Memutuskan apakah satu pengobatan (atau intervensi) adalah pra-ferable yang lain sedang diuji dalam uji klinis tahap III mungkinergantung pada hasil HRQL ketika kelangsungan hidup atau progres-sion bebas hasil tidak menunjukkan perbedaan signifcantantara kelompok perlakuan. Banyak studi fase III Inten-DED untuk menunjukkan diVerences sehubungan dengan hasil utama,misalnya, kelangsungan hidup atau interval bebas perkembangan, dan HRQLhasil yang diberikan sebagai hasil sekunder yang menarik. Sering, bagaimanapun, tidak ada perbedaan yang meyakinkanantara kelompok-kelompok dalam hasil primer. Dalam kasus seperti dif-perbedaan dalam hasil HRQL karena berbeda toksisitasperawatan yang diteliti menjadi pentingHRQL dinilai oleh Rotterdam Gejala Checklistdan Rumah Sakit Kecemasan dan Depresi Skala dalam studi161 dari 280 pasien kemoterapi-nave dengan progresifdan berulang bisa dioperasi atau kanker kolorektal metastatik yangsecara acak baik 5 florouracil dan leucovorin?interferon a-2a [20]. Tidak ada diVerences dalam tumorrespon, tingkat bebas perkembangan dan secara keseluruhan antara kedualengan studi.

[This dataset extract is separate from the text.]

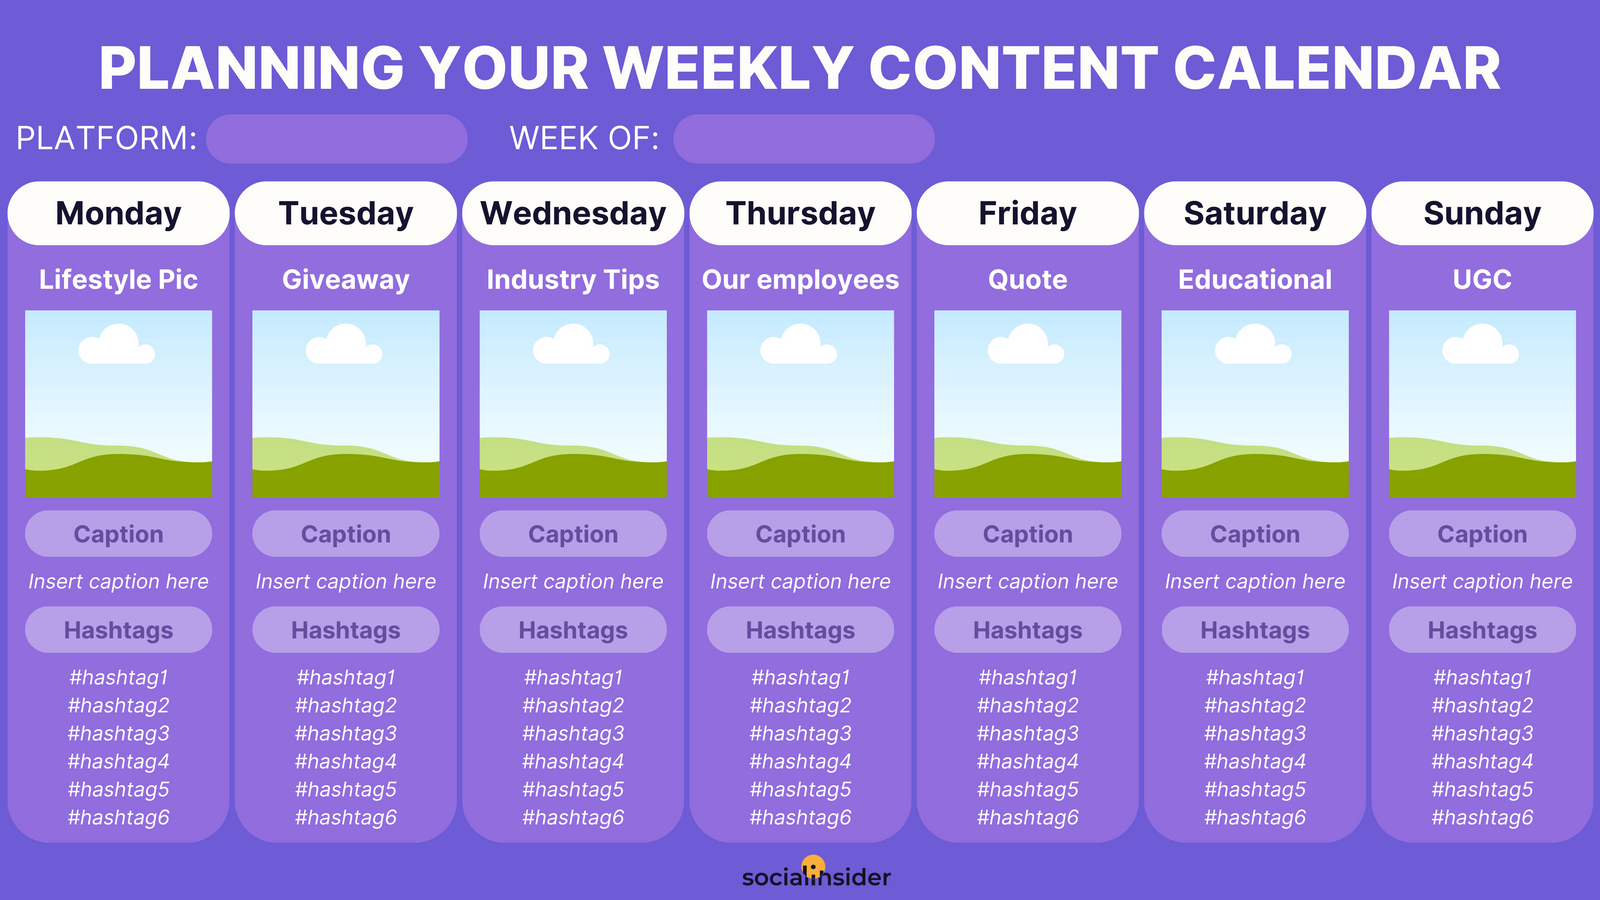 visual with a purple background showing how to plan your weekly content calendar

Namun demikian, selama 12 minggu pertamapengobatan, dua kali lebih banyak pasien yang menerima interferon melaporkan penurunan gejala seperti yang dilakukan pasienmenerima 5 fluorouracil saja. Selanjutnya, mereka yang antar-Feron kurang mungkin untuk melaporkan perbaikan dalam pretreatmentskor untuk gejala fisik dan psikologis dibandingkandengan mereka yang tidak menerima interferon. Dengan demikian, interferon tidakmeningkatkan kelangsungan hidup dan memiliki dampak merusak pada gejalaskor. Seharusnya tidak dianjurkan untuk digunakan dalam hal yang samadosis dan jadwal seperti yang digunakan dalam penelitian ini. Salah satu penelitian besar menunjukkan awal HRQL bene ts disatu kelompok pengobatan atas yang lain berada di payudara metastatikkanker [ 21 ] . Perempuan secar acak menerima sikluskemoterapi baik berulang-ulang setiap 3 minggu hingga penyakitkemajuan atau toksisitas menghasilkan ( terapi terus menerus ) , ataumenerima tiga siklus kemoterapi diikuti oleh tidak lebihkemoterapi sampai kambuh atau perkembangan (terapi intermiten ) . A 9 -item linear analog self-assessment ( LASA ) skaladigunakan untuk mengukur HRQL . Hipotesis yang diujiadalahbahwa kelompok terapi intermiten akan memiliki HRQL lebih baikdibandingkan

kelompok terapi terus menerus karena akan adakurang dari beban dari toksisitas pengobatan di bekas . Bertentangan dengan harapan tersebut , kelompok terapi terus menerusmengalami perbaikan dalam 7 dari 9 skala LASA ( denganpengecualian mual dan muntah dan nyeri ) jika dibandingkandengan kelompok terapi intermiten . Selain itu, ketika semuaData dari penelitian ini dianalisis , menjadi jelas bahwa kelangsungan hidup dalam kelompok terapi terus menerus secara signifikan lebih lamadibandingkan dengan kelompok terapi intermiten . Disimpulan bahwaManfaat HRQL lebih besar setelah kemoterapi terus menerusdaripada terapi intermiten .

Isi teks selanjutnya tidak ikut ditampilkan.